And finally, we specify any configuration we want the procedure to use. We have defined a batchSize of 10,000 and to run the statements in parallel.

Executing this procedure would take all of our Person nodes gathered in the first Cypher statement and update each of them with the second Cypher statement. It divides the work into batches - taking 10,000 Person nodes from the stream and updating them in a single transaction. If we have 30,000 Person nodes in our graph with an ACTED_IN relationship, then it would break this down into 3 batches.

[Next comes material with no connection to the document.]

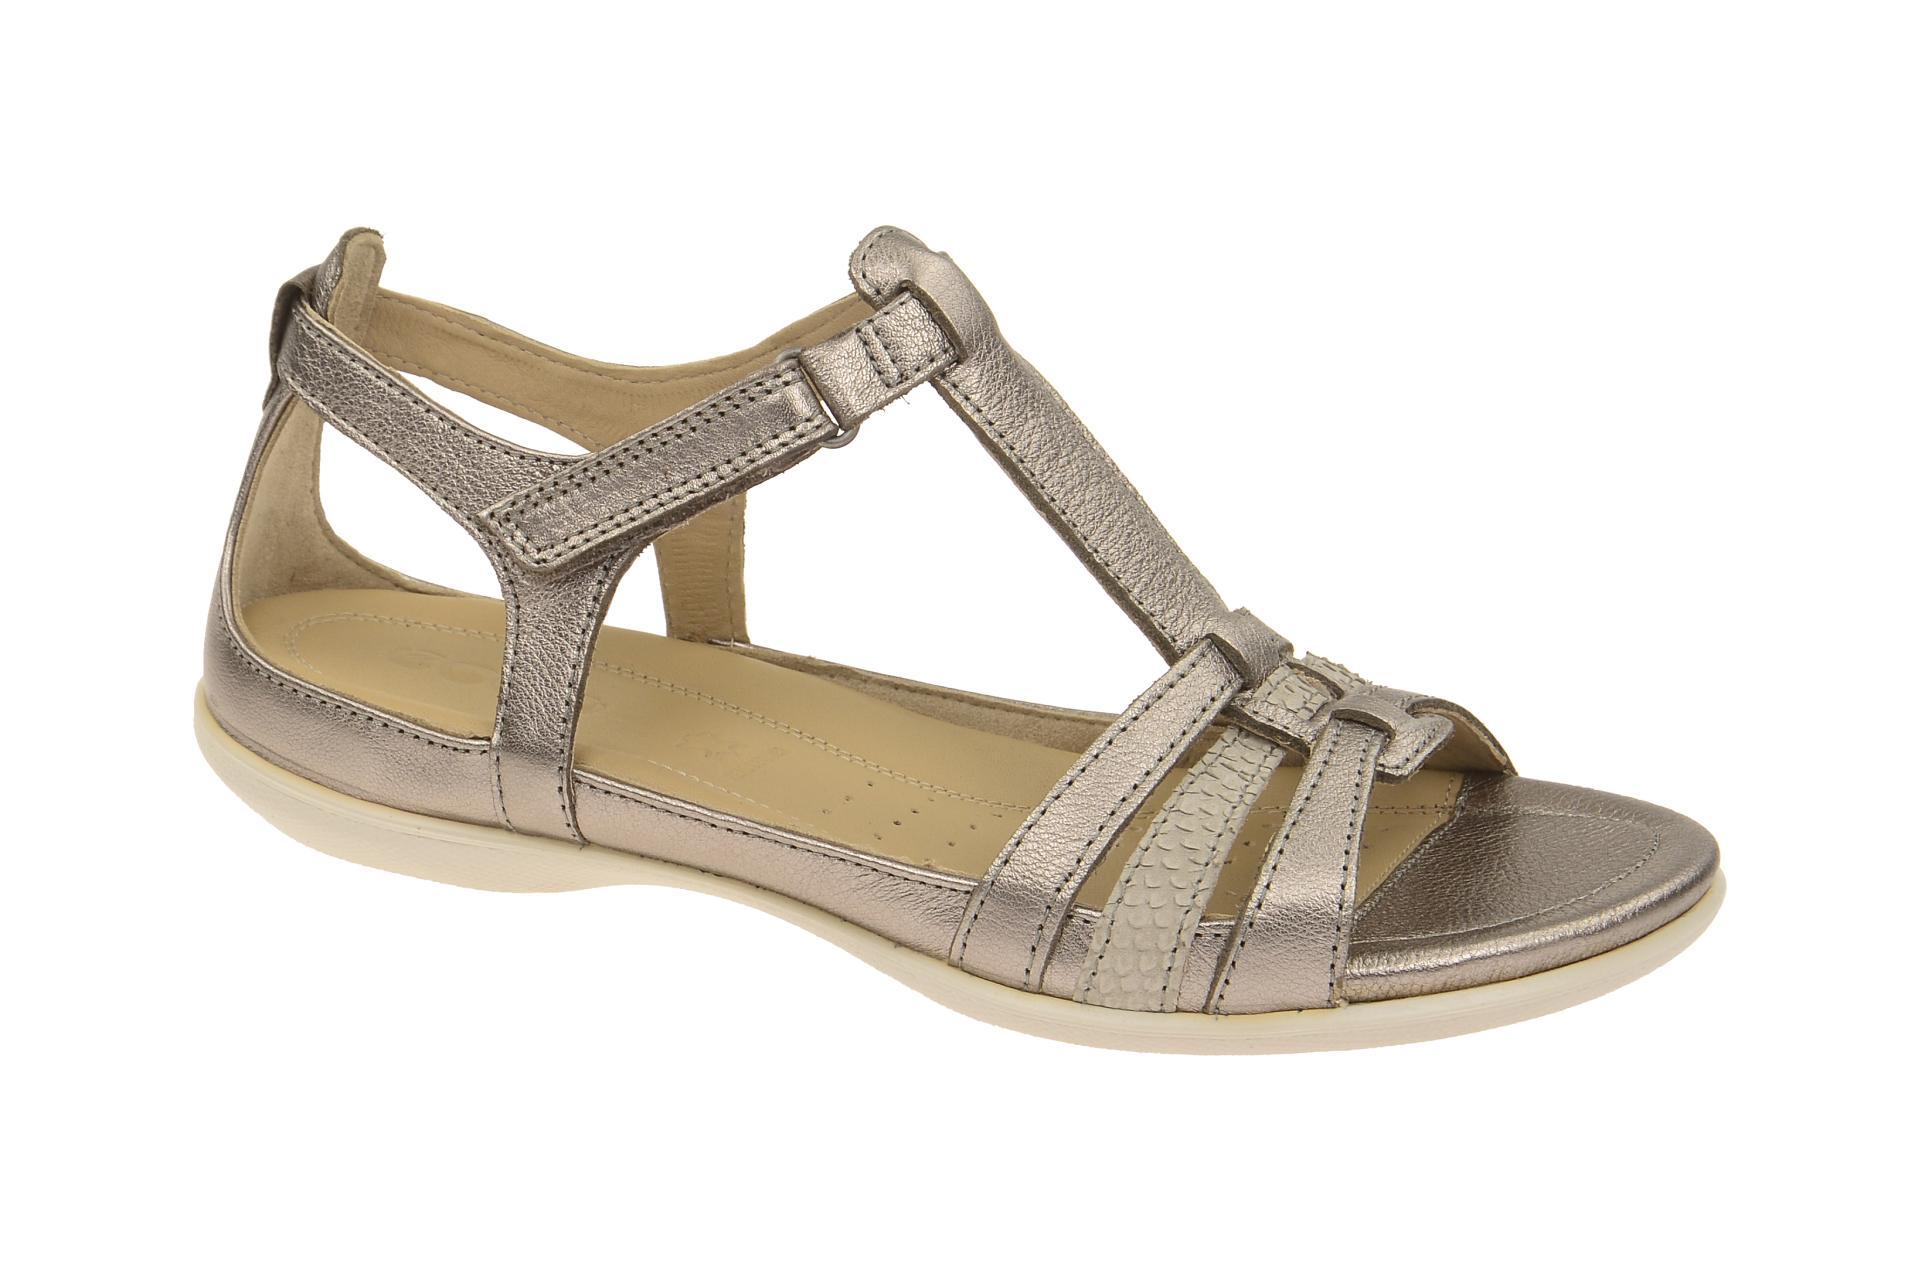 0ac0febe32b8ad Ecco Schuhe FLASH grau Damen Sandale Sandaletten 24087357462 NEU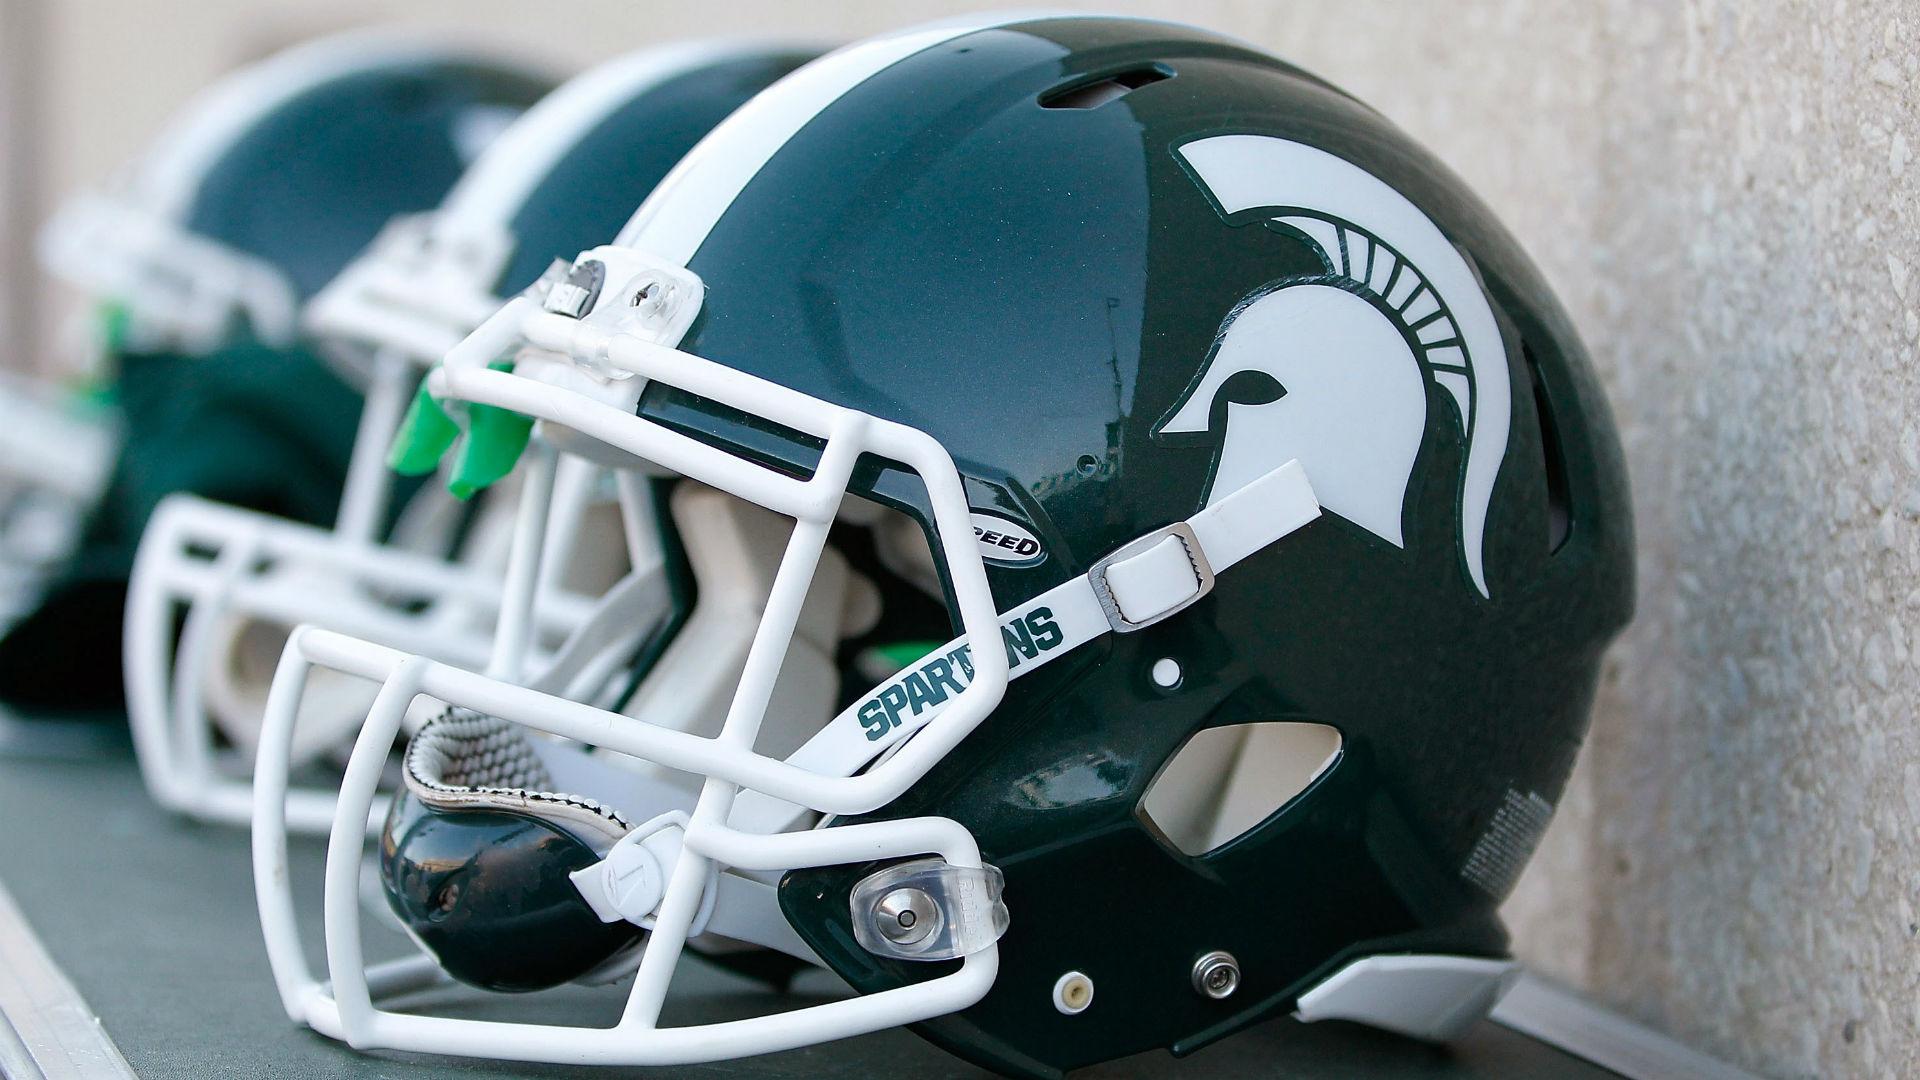 Michigan-state-helmet_oxtqatwwqdhv11hkma7sebvfr

Finally, it runs those in parallel, as updating node labels or properties do not conflict.

For more complex operations like updating or removing relationships, either do not use parallel: true OR make sure that you batch the work in a way that each subgraph of data is updated in one operation, such as by transferring the root objects. If you attempt complex operations, also enable retrying failed operations, e.g. with retries:3.

Now let us look at a more complex example.

CALL apoc.periodic.iterate(
  "MATCH (o:Order) WHERE o.date > '2016-10-13' RETURN o.id as orderId",
  "MATCH (o:Order)-[:HAS_ITEM]->(i) WHERE o.id = orderId WITH o, sum(i.value) as value SET o.value = value",
  {batchSize:100, parallel:true})

Let’s break down the parameters passed to the procedure:

Our first Cypher statement selects all the Order nodes that have an order date greater than October 13, 2016 (first Cypher statement).
Our second Cypher statement takes those groups and finds the nodes that have a HAS_ITEM relationship to other nodes, then sums up the value of those items and sets that sum as a property (o.value) for the total order value.
Our configuration will batch those nodes into groups of 100 (batchSize:100) and run the batches in parallel for the second statement to process.

Batch mode: BATCH_SINGLE

If our operation statement calls a procedure that takes in a batch of values, we can use batchMode: "BATCH_SINGLE" to get access to a batch of values to pass to that procedure. When we use BATCH_SINGLE, the operation statement will have access to the $_batch parameter, which will contain a list of the fields returned in the data-driven statement.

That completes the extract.